Remembering Elvis: The Vigil

Multitides of forever-faithful lift candles, ‘transend time’

They love him tender. They love him sweet. And because he said so, they haven’t let him go.

They may never.

The faithful began settling the boulevard that bears his name a full 24 hours before the 1997 Elvis Week vigil began Friday night at Graceland.

As many as 30,000 to 40,000 fans of the snarling king of rock and roll passed by his grave and the eternal flame that lights it to observe the 20th anniversary of Elvis Presley’s death.

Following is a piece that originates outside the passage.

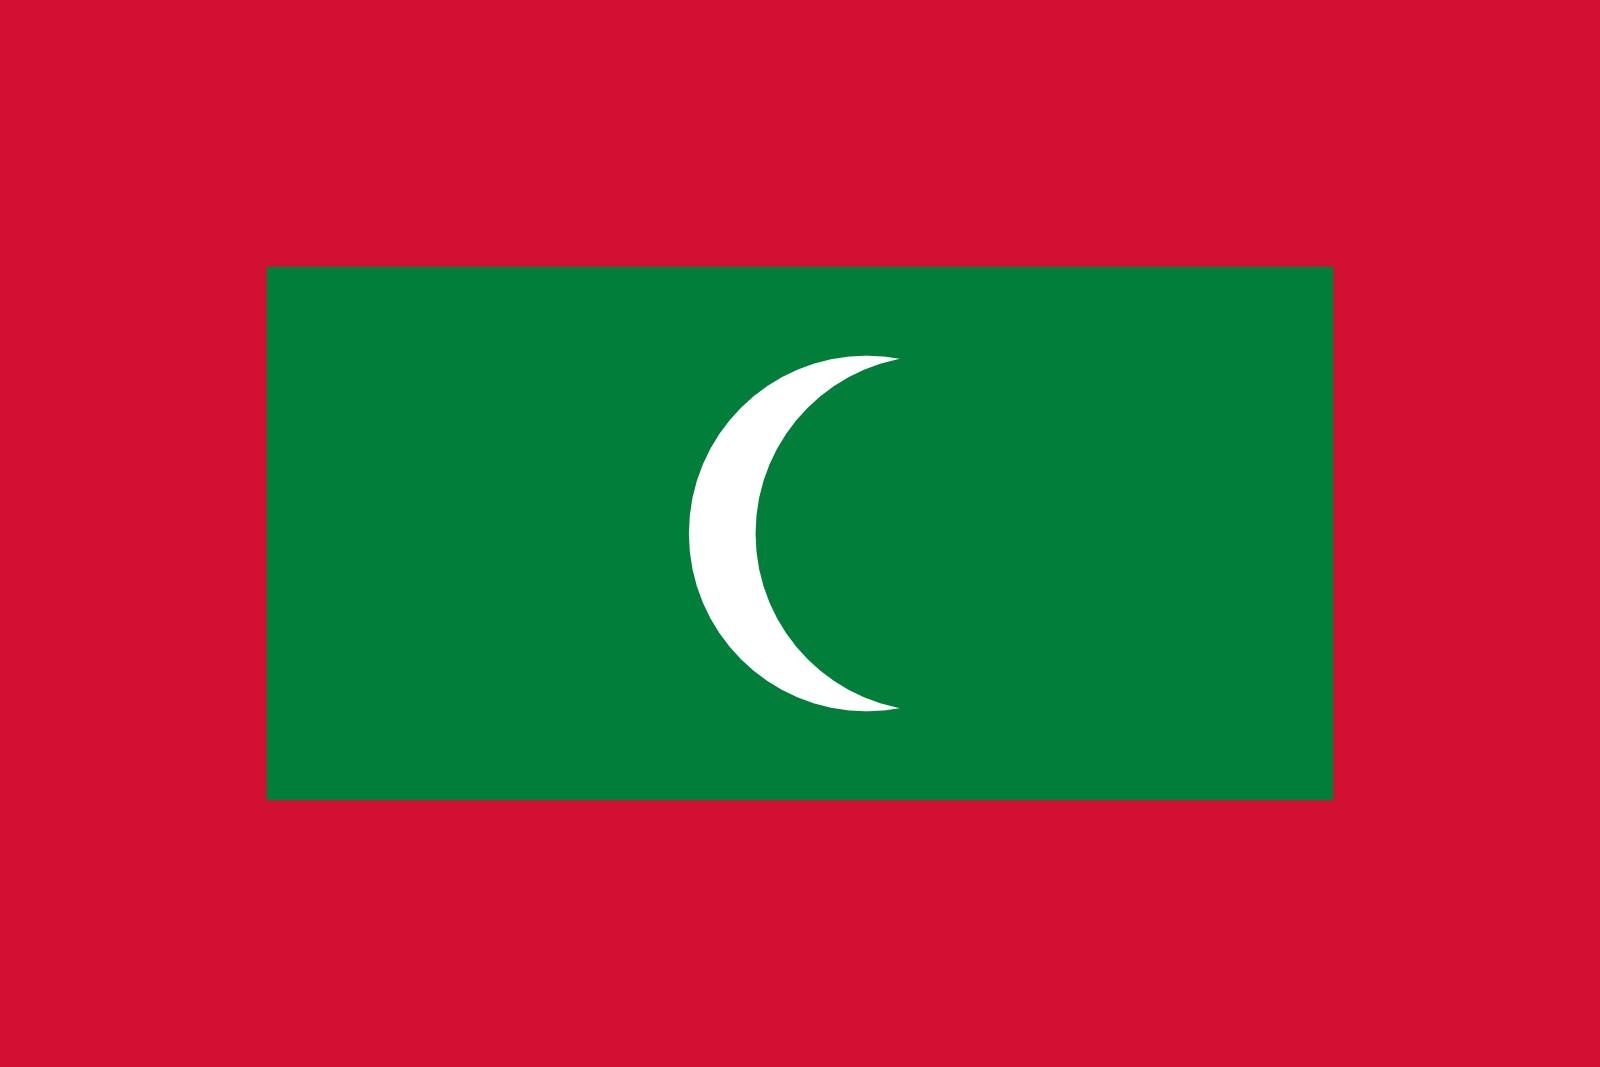 imagenes de banderas hd150 200 Imágenes de Banderas en HD (Wallpapers)

“We the fraternity of fans have continued to do it his way,” said Mike Elliott, a member of the Elvis Country Fan Club of Austin, Texas. Of Elvis’s music: “It crosses all barriers and transcends time.”

Like George Washington and Jesus Christ, Elvis looms larger now than he ever did in life. The thousands of fans raised their 12-inch hand-dipped candles when the 9:04 p.m. vigil ceremony began. The boulevard looked like the stars on a clear night at sea.

“This is beautiful,” said Todd Morgan, creative services director for Graceland.

After a 17-second silent prayer and a sing-along to Can’t Help Falling in Love, the first pilgrims made the 290-step way to the grave.

Helicopters thumped overhead. Fly-by-vigil-night vendors hawked hokey T-shirts, long-stemmed roses and something called an Elvis “eulogy album.”

Television lights washed the crowd in white. All Shook Up roared from a beer truck parked at a gas station.

Bonnie Lathram, 20, of Memphis examined the scene from outside the vigil line.

“Memphis in May” she said. “But a lot calmer. And more serious. There’s more of a purpose here than listening to music and getting drunk.”

Anticipation crackled all the day long at Elvis Presley Boulevard and the gates of his Memphis estate.

Teeming with visitors from lands near and far, Graceland prepared for a vigil procession some veterans of Elvis Week expected to last until dawn today. Hundreds of flower arrangements and other memorials lined Graceland’s Meditation Garden and long, shady drive by late afternoon.

The memorials stood in every shape and size, color and configuration, every language.

Blue and white carnations made the flag of Scottish. A guitar crafted of flowers stood tall near Elvis’s pool.

Somebody, probably many bodies, had come from Florida; a memorial in the shape of the state was planted in the soft dirt of the garden.

“Only one man in the world could do this,” said Linda Fizer.

Fizer, 44, and 10 siblings and other relatives drove their RVs from West Virginia to Memphis nine days ago to honor Elvis and celebrate their first family reunion.

From across the street, she, an older sister and a niece watched the vigil line swell like a balloon filling with water.

Police stopped traffic about 5 p.m. on Elvis Presley Boulevard, and the scene in front of the mansion took on a silence that seemed an ideal segue into the evening’s events.

It was the first time in many hours that Bill Rowe could hear himself breathe.

Rowe was the first to camp at Graceland’s gates for the vigil, as he has been many years.

He sat down on the graffiti-cluttered sidewalk at 9 p.m. Thursday and never left.

Part of the “Gates of Graceland Entourage” from Ohio, Rowe, 47, have come to Memphis at least once a year since 1977, when Presley died in the bathroom and left the music world - and so many fans of his music, his presence and his legend - much emptier.

Rowe bears a striking resemblance to Elvis: the sideburns, the oil-black hair, the sneer. But he is no impersonator.

“A very involved fan,” Rowe said.

He, the Graceland guards and a handful of other vigil pilgrims spent Thursday night and the predawn hours of Friday watching the momentum build.

Graceland officials said 60 radio stations, 114 television stations and more than 150 newspapers and magazines covered this year’s vigil.

Journalists from all continents but Africa and Antarctica flocked to one of the bigger anniversary stories this year.

Rowe said one reporter asked him if he believed Elvis was truly dead.

Rowe said he had to stifle his frustration.

Truly dead? If Elvis weren’t, Rowe wouldn’t have been wasting his time in front of Graceland’s gates.

“And even if I’m proved wrong, could I stay mad at a guy I’ve idolized? Nah. Not even for a nanosecond.”

Hours later, the vigil unfolded in solemn reverence to the king of rock and a prince of pop culture, dead at 42.

Twenty years later, thousands of faithful. Elvis is bigger now than ever. Friday’s vigil proved that.

Not for a moment - not even a nanosecond - was he lonely tonight.